我有张这样的桌子,
> head(dt2)
Weight Height Fitted interval limit value
1 65.6 174.0 71.91200 pred lwr 53.73165
2 80.7 193.5 91.63237 pred lwr 73.33198
3 72.6 186.5 84.55326 pred lwr 66.31751
4 78.8 187.2 85.26117 pred lwr 67.02004
5 74.8 181.5 79.49675 pred lwr 61.29244
6 86.4 184.0 82.02501 pred lwr 63.80652我想让它像这样,
> head(reshape2::dcast(dt2,
Weight + Height + Fitted + interval ~ limit,
fun.aggregate = mean))
Weight Height Fitted interval lwr upr
1 42.0 153.4 51.07920 conf 49.15463 53.00376
2 42.0 153.4 51.07920 pred 32.82122 69.33717
3 43.2 160.0 57.75378 conf 56.35240 59.15516
4 43.2 160.0 57.75378 pred 39.54352 75.96404
5 44.8 149.5 47.13512 conf 44.87642 49.39382
6 44.8 149.5 47.13512 pred 28.83891 65.43133但是使用tidyr::spread,我如何才能做到呢?
我在用,
> tidyr::spread(dt2, limit, value)但一旦发现错误,
Error: Duplicate identifiers for rows (1052, 1056), (238, 242), (1209, 1218), (395, 404), (839, 1170), (25, 356), (1173, 1203, 1215), (359, 389, 401), (1001, 1200), (187, 386), (906, 907), (92, 93), (930, 1144), (116, 330), (958, 1171), (144, 357), (902, 1018), (88, 204), (960, 1008), (146, 194), (1459, 1463), (645, 649), (1616, 1625), (802, 811), (1246, 1577), (432, 763), (1580, 1610, 1622), (766, 796, 808), (1408, 1607), (594, 793), (1313, 1314), (499, 500), (1337, 1551), (523, 737), (1365, 1578), (551, 764), (1309, 1425), (495, 611), (1367, 1415), (553, 601)随机10行:
> dt[sample(nrow(dt), 10), ]
Weight Height Fitted interval limit value
1253 52.2 162.5 60.28203 conf upr 61.51087
426 49.1 158.8 56.54022 pred upr 74.75756
1117 78.4 184.5 82.53066 conf lwr 80.98778
1171 85.9 166.4 64.22611 conf lwr 63.21254
948 61.4 177.8 75.75494 conf lwr 74.66393
384 90.9 172.7 70.59731 pred lwr 52.41828
289 75.9 172.7 70.59731 pred lwr 52.41828
3 44.8 149.5 47.13512 pred lwr 28.83891
774 87.3 182.9 80.91258 pred upr 99.12445
772 86.4 175.3 73.22669 pred upr 91.40919发布于 2016-02-05 16:04:41
假设您从如下所示的数据开始:
mydf
# Weight Height Fitted interval limit value
# 1 42 153.4 51.0792 conf lwr 49.15463
# 2 42 153.4 51.0792 pred lwr 32.82122
# 3 42 153.4 51.0792 conf upr 53.00376
# 4 42 153.4 51.0792 pred upr 69.33717
# 5 42 153.4 51.0792 conf lwr 60.00000
# 6 42 153.4 51.0792 pred lwr 90.00000注意分组列(1到5)第5行和第6行中的重复。这本质上就是"tidyr“告诉你的。第一行和第五行是重复的,第二和第六行是重复的。
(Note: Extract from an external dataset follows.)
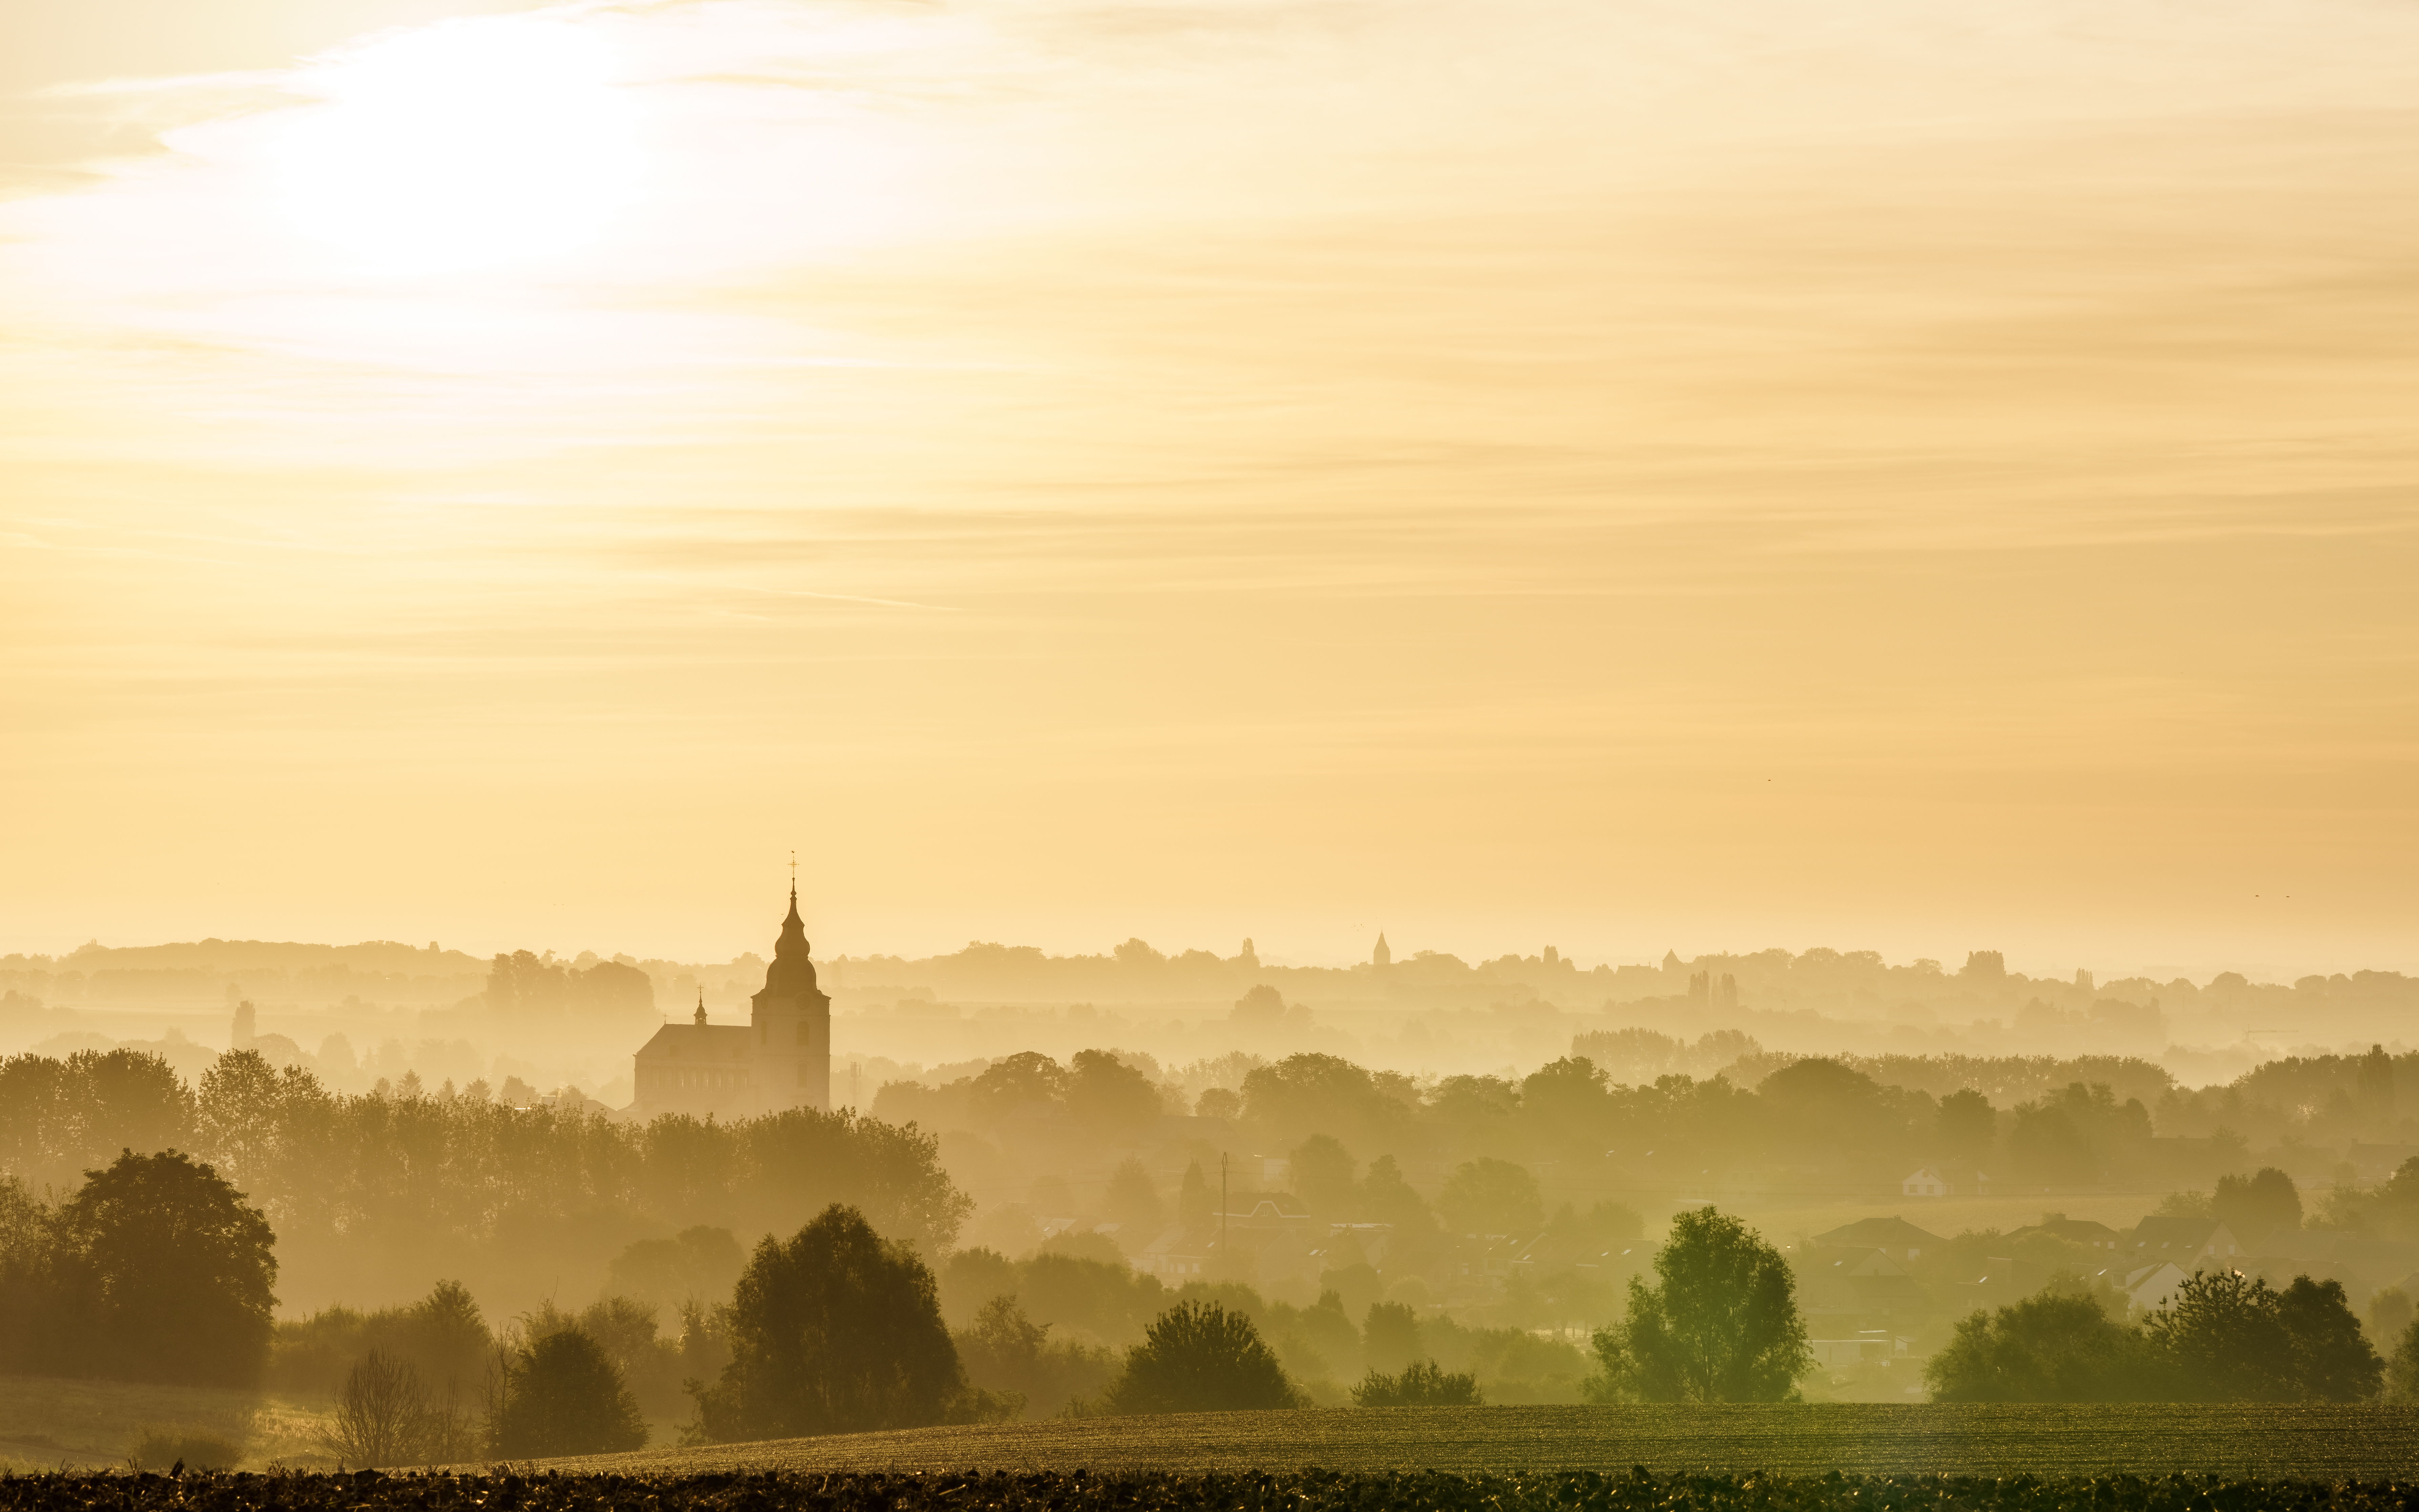 Het landschap rond Hoegaarden in de Getevallei (copyright: Pieter-Jan Alles)

tidyr::spread(mydf, limit, value)
# Error: Duplicate identifiers for rows (1, 5), (2, 6)正如@Jaap所建议的,解决方案是首先“总结”数据。由于"tidyr“仅用于重塑数据(不像"reshape2",后者聚合和重新塑造),因此在更改数据表单之前,需要使用"dplyr”执行聚合。在这里,我为"value“列使用了summarise。
如果在summarise步骤停止执行,您会发现原始的6行数据集“缩小”到4行。现在,spread将如预期的那样工作。
mydf %>%
group_by(Weight, Height, Fitted, interval, limit) %>%
summarise(value = mean(value)) %>%
spread(limit, value)
# Source: local data frame [2 x 6]
#
# Weight Height Fitted interval lwr upr
# (dbl) (dbl) (dbl) (chr) (dbl) (dbl)
# 1 42 153.4 51.0792 conf 54.57731 53.00376
# 2 42 153.4 51.0792 pred 61.41061 69.33717这与dcast的预期输出与fun.aggregate = mean相匹配。
reshape2::dcast(mydf, Weight + Height + Fitted + interval ~ limit, fun.aggregate = mean)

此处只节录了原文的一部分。